This property of abstraction and concretization makes symbolic execution engines very complex and powerful tools. Reasoning about programs in this manner can however also be prone to mistakes and limitations, e.g. if the system model is incomplete.

When the symbolic execution ends (assuming it ended without errors), we can look at the target state and concretize any of the symbolic variables in the program. For example γ will obviously resolve to 0x574f4c46. α and β will resolve to an input, or a set of inputs, that trigger the execution path we're looking for.

While symbolic execution is much more precise than fuzzing (and other techniques), it is also much more computationally expensive. Symbolic execution is especially problematic when the program contains loops, where it suffers from the state explosion problem: in loops such as while (condition) the state may be forked indefinitely, and thus the symbolic execution algorithm would never explore the program past the loop.

Symbolic execution also scales poorly to large programs.

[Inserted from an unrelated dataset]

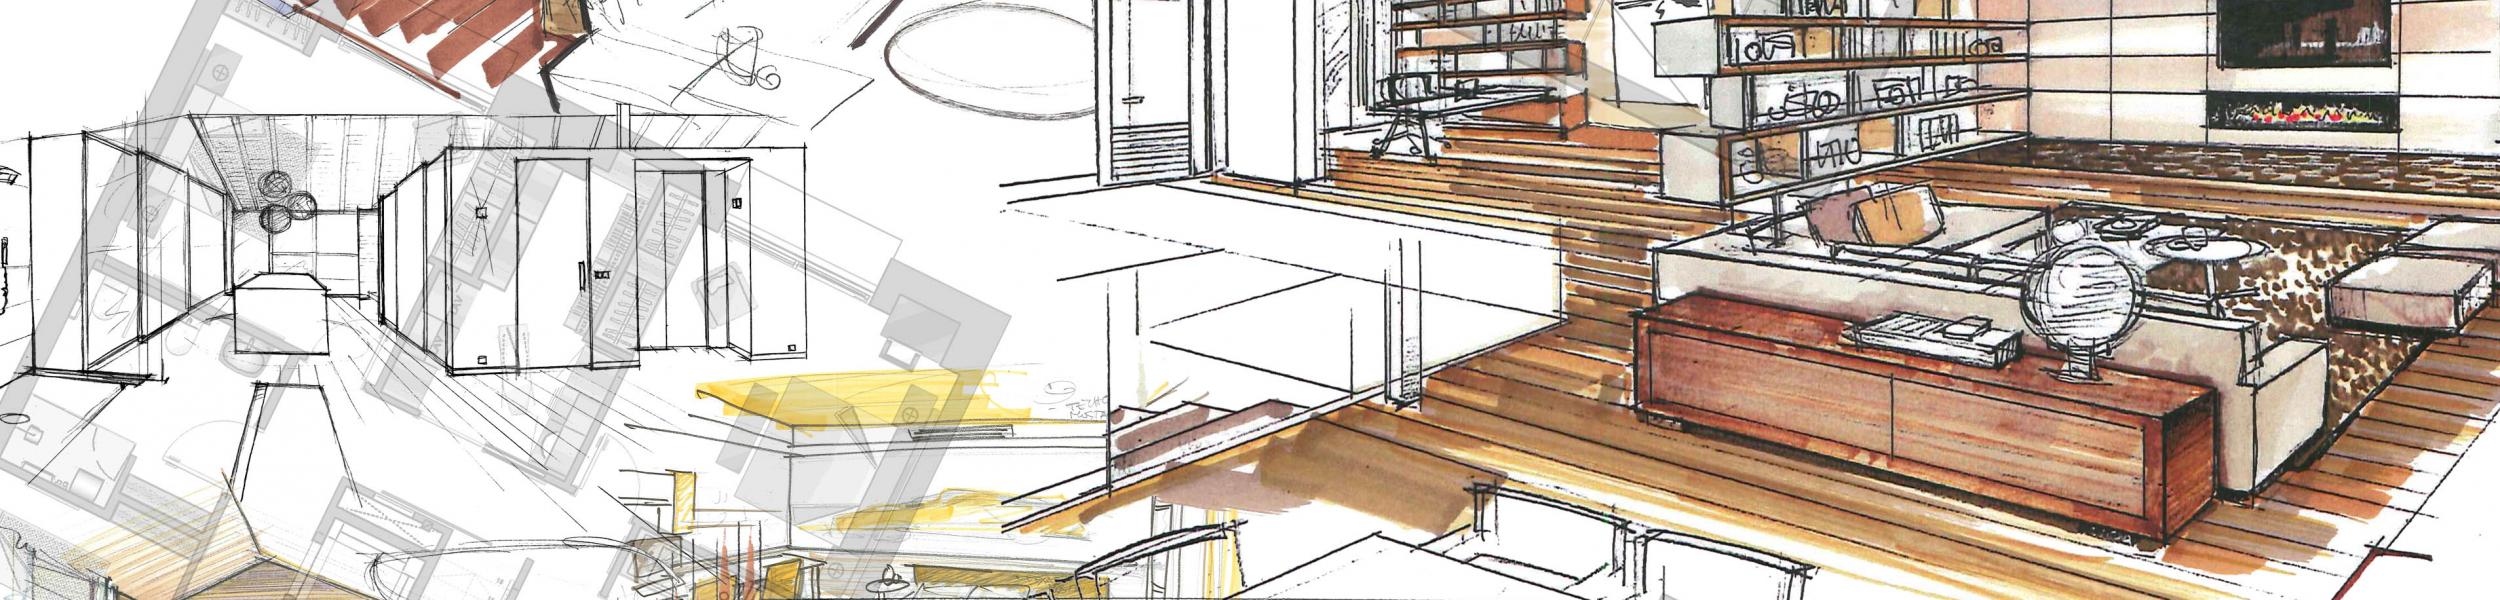 Estudio d az cano interior design estudio de - Estudio interiorismo valencia ...

For example kernels such as Linux are difficult to execute symbolically, as they depend on a lot of internal and external state and some of the code (e.g. the scheduler) will immediately lead to state explosion.

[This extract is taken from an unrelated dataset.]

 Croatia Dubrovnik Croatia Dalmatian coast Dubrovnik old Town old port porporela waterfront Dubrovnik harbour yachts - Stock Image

To solve the scalability issue, symbolic execution engines use various strategies: massively parallel execution and state merging (merging the constraints of two states into a single state) are two optimizations. Additionally, some engines, such as S2E, selectively execute only a subset of the code, switching between concrete and symbolic execution as the need arises.

Symbolic execution can also be combined with other analysis methods (e.g. fuzzing) through a technique that is known as concolic execution. Concolic execution involves performing symbolic and concrete execution in parallel, or (often) executing the program with concrete arguments up to a certain point, then continuing with symbolic execution.

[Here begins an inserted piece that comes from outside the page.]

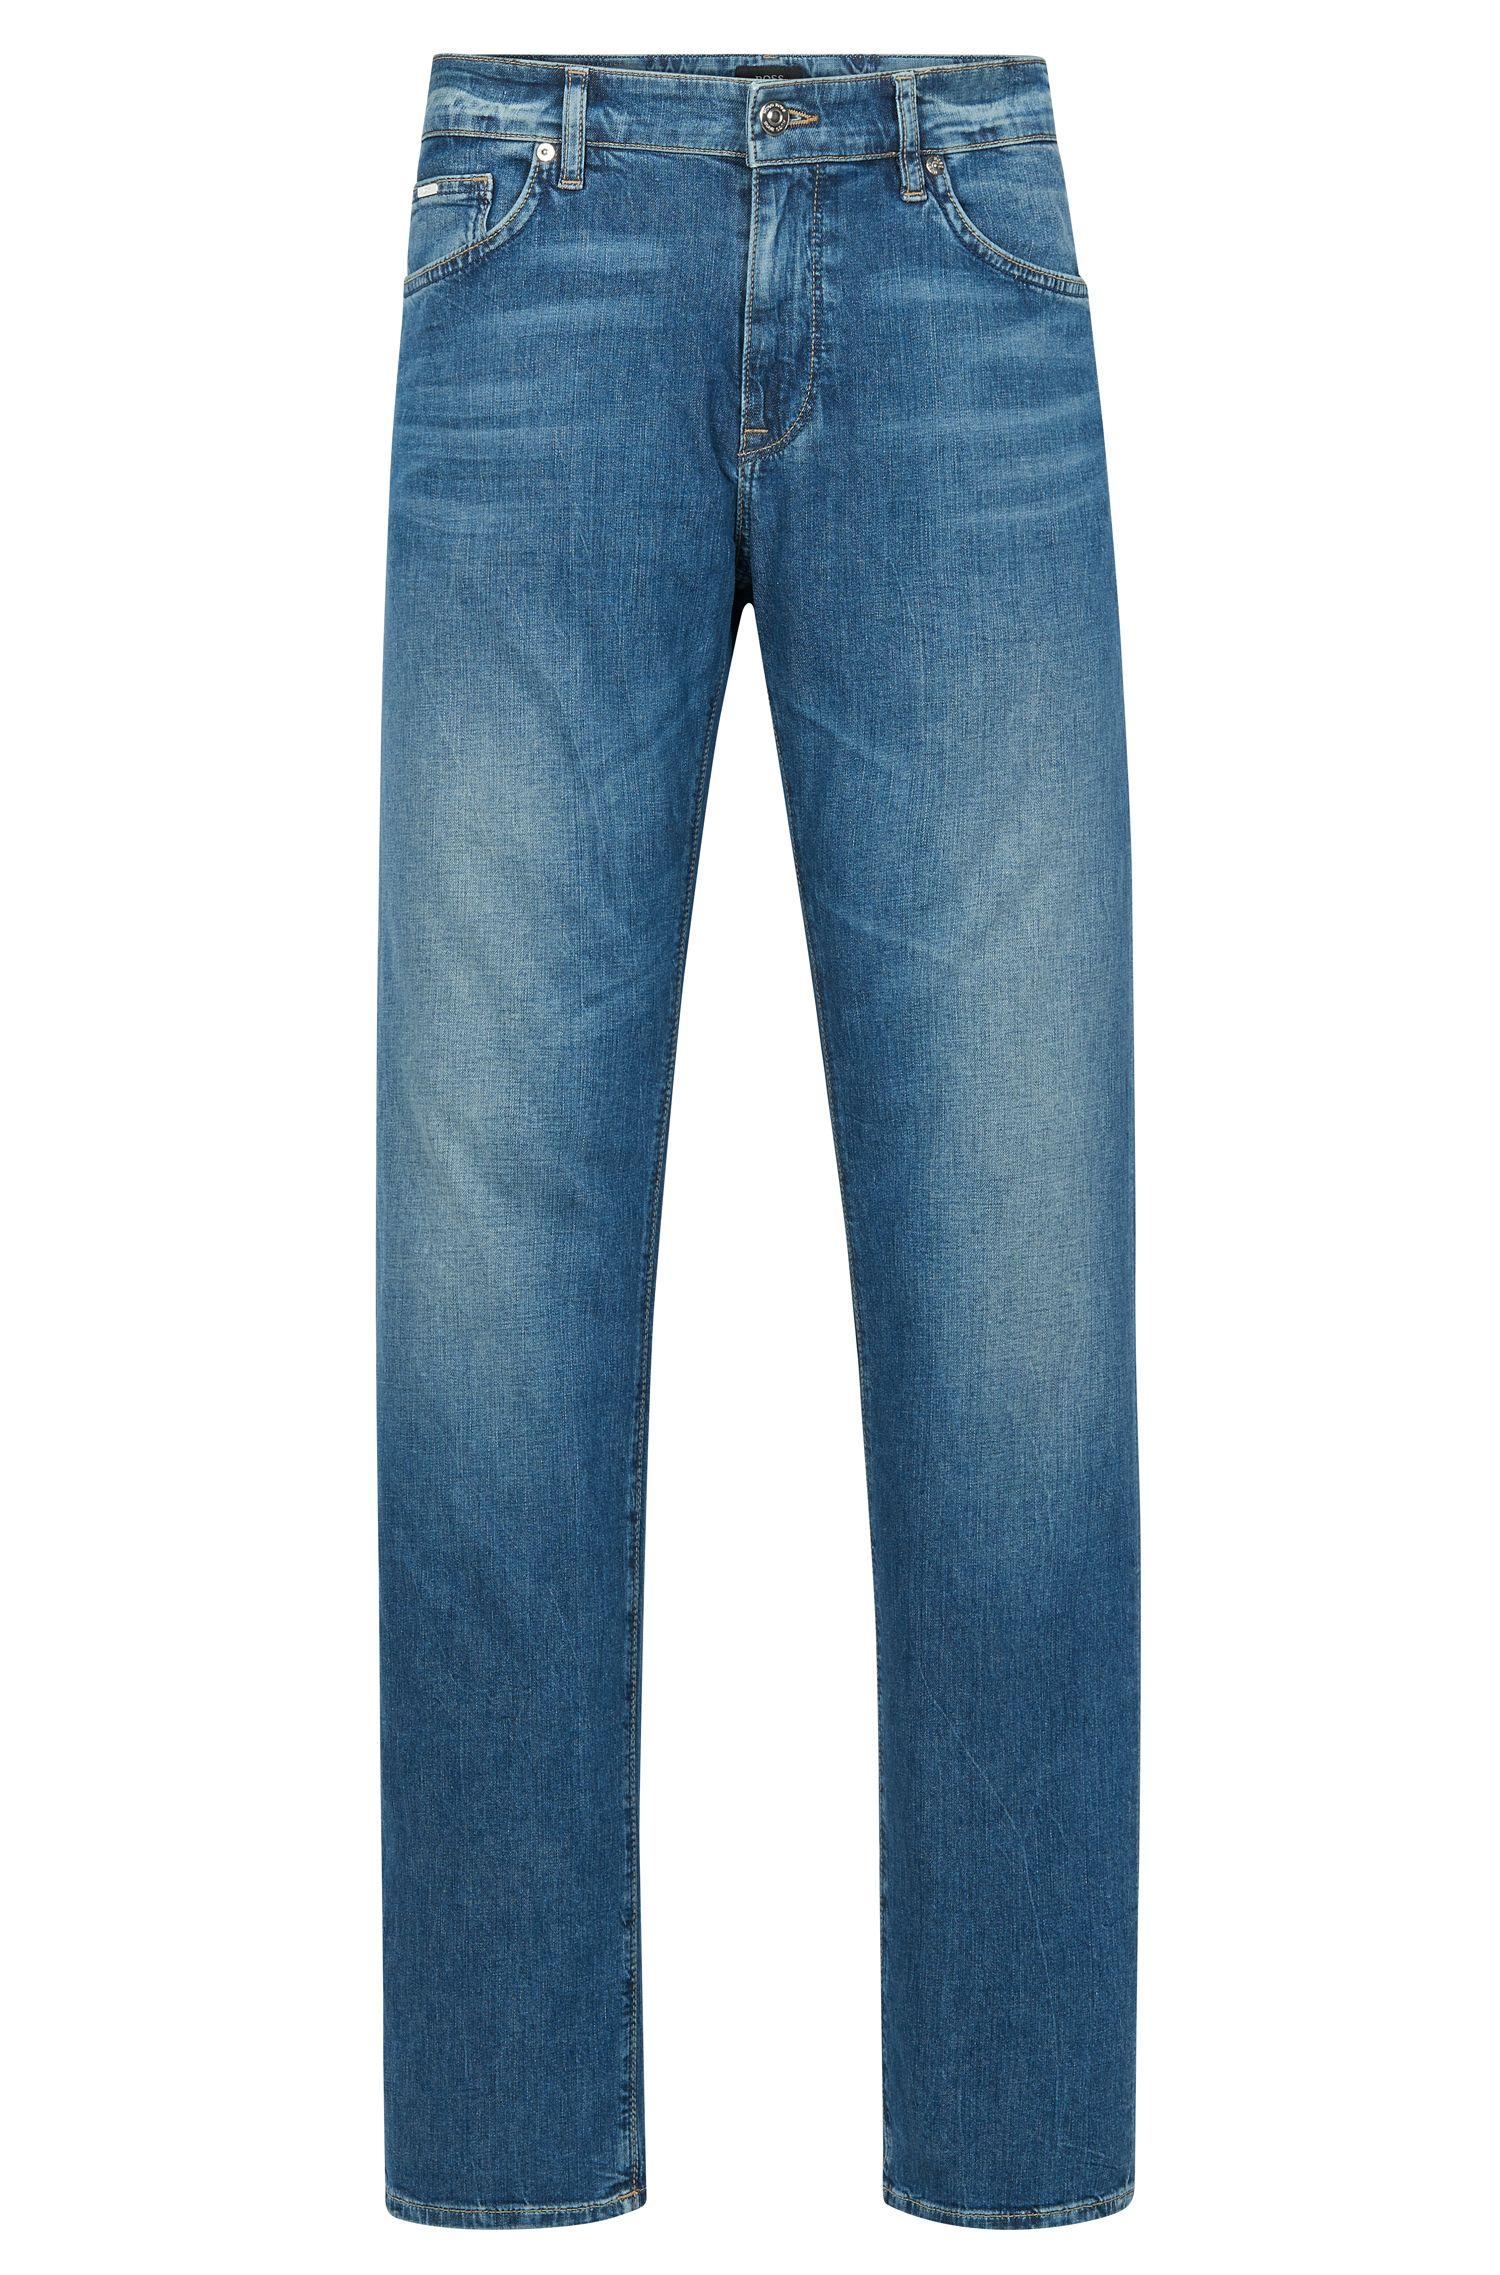 9 oz Stretch Cotton Jean, Regular Fit | Maine

Examples of symbolic execution engines include Angr, KLEE, Kite, Mayhem and S2E.

## Tutorial: Symbolic Execution using Angr [2p]

First, install angr. See http://angr.io/install.html.

Make sure you grab all the dependencies, as per the documentation:

sudo apt-get install python-dev libffi-dev build-essential virtualenvwrapper

Note that you need to install angr in a Python virtual environment. If you're on Debian/Ubuntu, make sure you have the virtualenvwrapper package installed. Also make sure that in all the terminals where you want to use angr, you run the following commands:

$# replace the following with your favourite Python virtualenv directory$ export WORKON_HOME=~/.environments
$# replace the following with your virtualenvwrapper.sh location if needed$ source /usr/share/virtualenvwrapper/virtualenvwrapper.sh

This setup is not persistent, so you will have to run it every time you open a new terminal.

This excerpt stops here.